OpenBSD

Gidday

Id like to know peoples opinions on OpenBSD, particuarly in comparision to FreeBSD. Ive used FreeBSD for a while, but am new to OpenBSD.

I am soon to be setting up a single domain web and mail server, with internal samba. Its not likely to be a high traffic site.

Im mainly wondeirng about OpenBSD's security. Is it really so secure once Apache and Samba and Postfix are running? Is it very STABLE under any load?

Comments? Suggestions? Experiences?

Thanks

OpenBSD's default installation might be a little more secure than FreeBSD's default installation, but in my opinion, it can't touch FreeBSD's stability (especially on older hardware).

And if you're already familiar with FreeBSD, it should be pretty easy to make FreeBSD just as secure as OpenBSD.

I just got over a phase where I thought I wanted to switch to OpenBSD (because of it's highly praised security).
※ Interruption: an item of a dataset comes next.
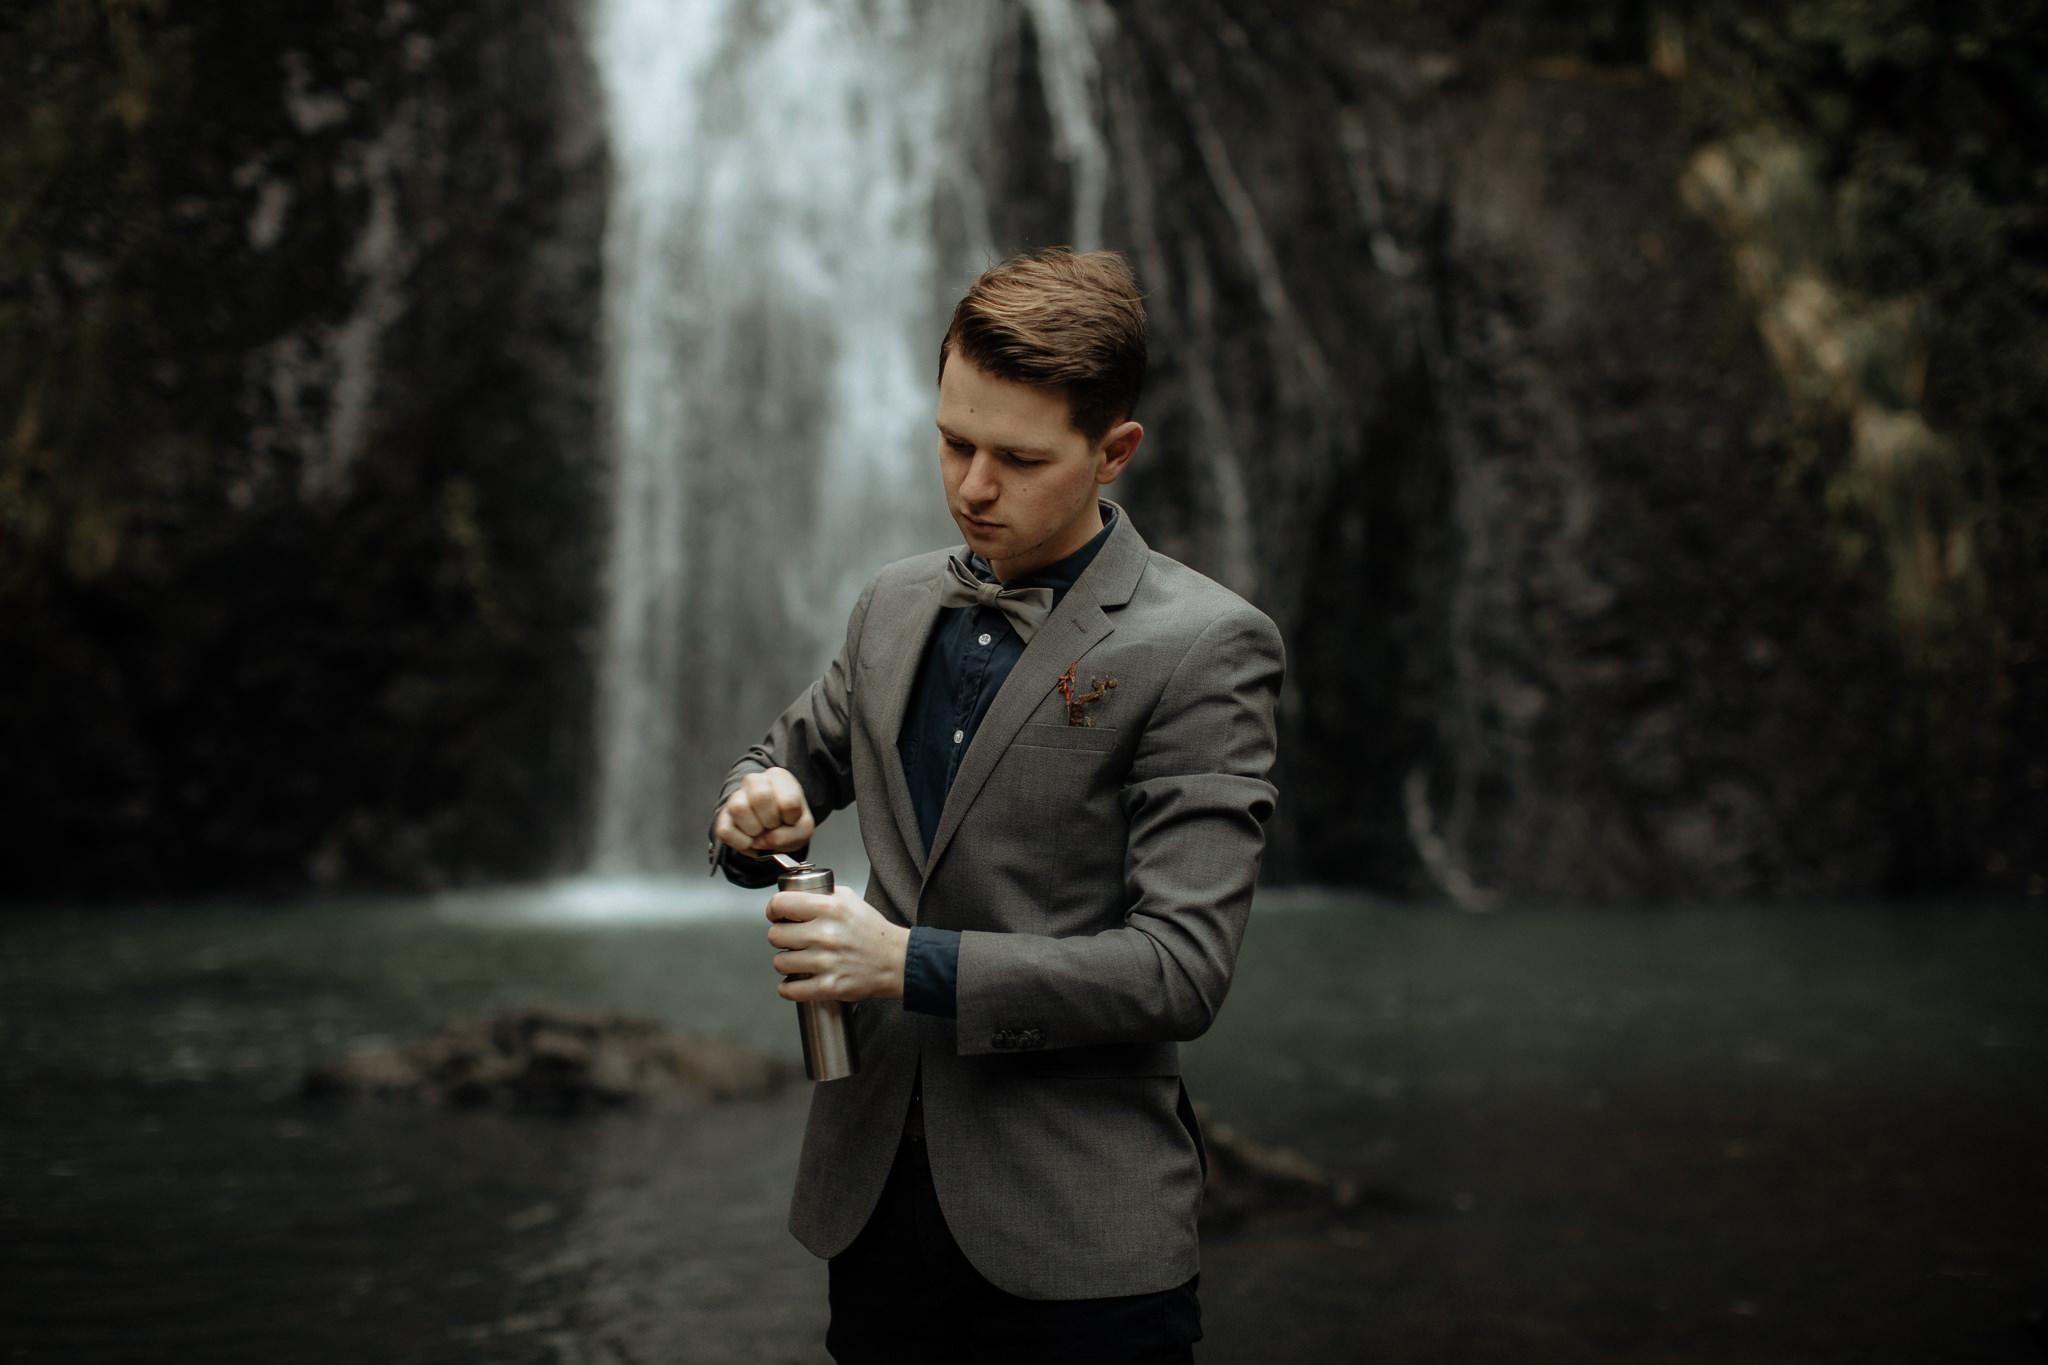 auckland-wedding-photographer-24476.jpg

I installed OpenBSD on 2 servers (a DNS server running Bind, and a web server running PHP/Apache/MySQL). I'm still running OpenBSD on my name server, but under high loads, the web server seemed to die about once every other week. After wiping the web server and installing FreeBSD, I haven't had any problems.

Dave Tufts
http://dave.imarc.net/freebsd/

Does anyone else have any comments on the stability or security of OpenBSD?

Ive installed it since I posted, and found it quite nice and logical in the config department.

No crashes or un-usual stuff as yet.

Well, ive got it up and running as a public server now.

The only problem i have had is with httpd src, which Ive been told how to fix. No biggie.

My thoughts so far are that OpenBSD is an excellent OS. Very proper and correct.

Good for you. I haven't used OpenBSD since 2.X. OpenBSD is IMHO the most secure OS outside of IBM or a Trusted Sun OS.

OpenBSD does lack some of FreeBSD's features. The biggest, unless they have improved this since early 2.x days, is the lack for SMP (multi processors). Since we use FreeBSD to power some of our backend databases at work, we needed the extra horse power of dual processor systemsm, so at the time OpenBSD was out of the question.

The OpenBSD team falsely prides itself on creating the most secure O/S on earth. Why do I say falsely? Once upon a time there was a remote root vulnerability found in BSD's ftp daemon. Guess who fixed it last? The OpenBSD team. Their excuse: the ftp daemon is not enabled by default, therefore OpenBSD is still more secure. Funny how nothing is enabled by default. Or at least that's how it was when I was using it back around v2.8, maybe it's better now.